Abstract

Neurological disorders such as stroke remain leading causes of disability worldwide. A current thrust in the neurorehabilitation of such disorders involves exogenous neuromodulation of cranial nerves in order to enhance neuroplasticity and maximize recovery of function. Here we present preliminary results on the effects of kilohertz range electrical stimulation of the trigeminal nerve (TNS) on motor learning, using an upper extremity visuomotor adaptation paradigm. Twenty-five (25) healthy adult subjects were randomly assigned to 2 groups: 3kHz stimulation (n=13) and sham (n=12). Participants performed a visuomotor rotation task that involved center-out reaching movements to eight vertically arranged targets. Four blocks of trials were performed: two baseline blocks with veridical visual feedback, one adaptation block involving a 30 degrees CCW rotation of hand visual feedback, and one washout block with no rotation.

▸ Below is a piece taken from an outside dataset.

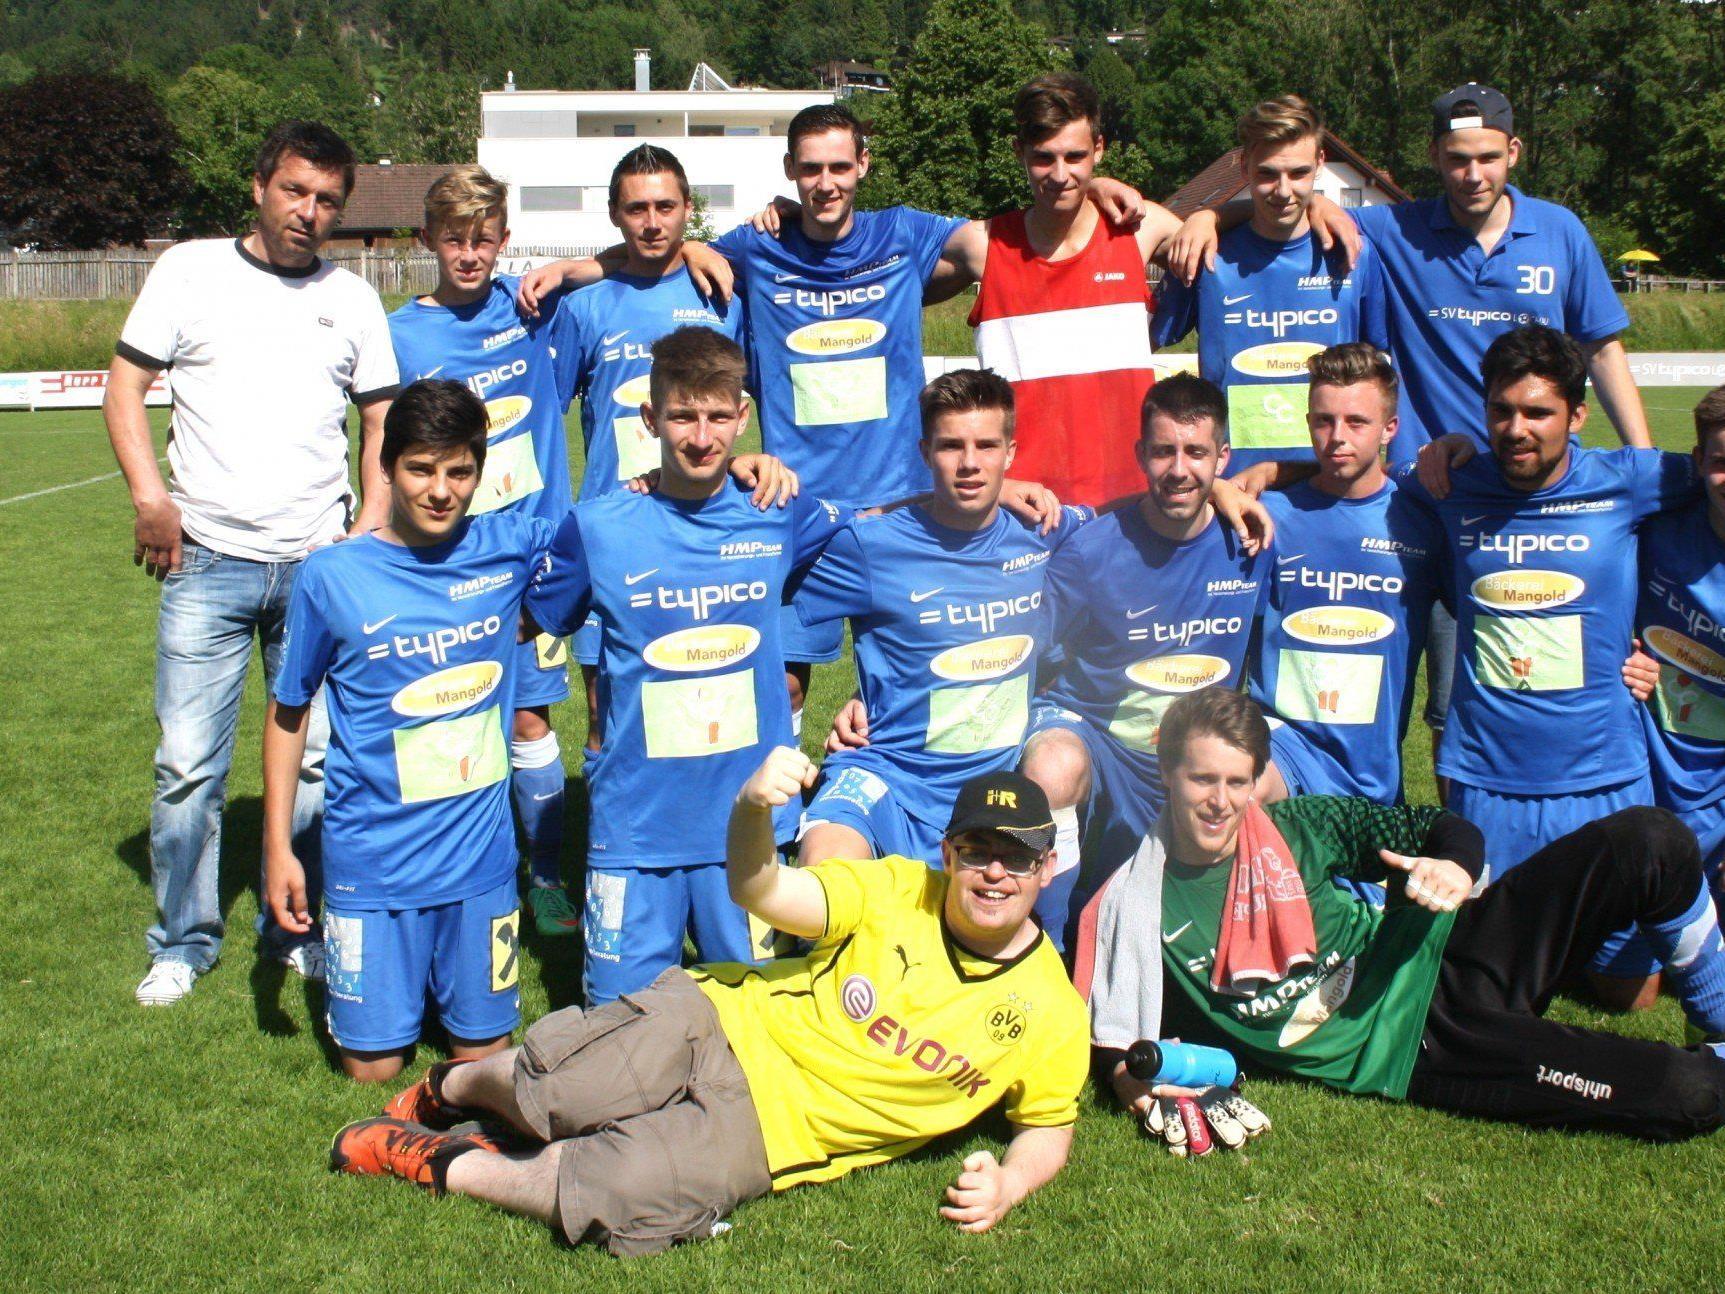 Mannschaft, Trainer, Betreuer und Fans des 1b Teams des SV Typico Lochau feierten den Klassenerhalt in der 3. Landesklasse.

TNS was applied for 20 minutes before the 2nd baseline block using two electrodes targeting the ophthalmic branches of the trigeminal nerve. Early in the rotation block, learning rates were similar between the 3kHz and sham groups but gradually diverged, with the 3kHz group demonstrating slightly faster rates than sham later in the rotation block. The results provide new information on the potential use of TNS in neurorehabilitation.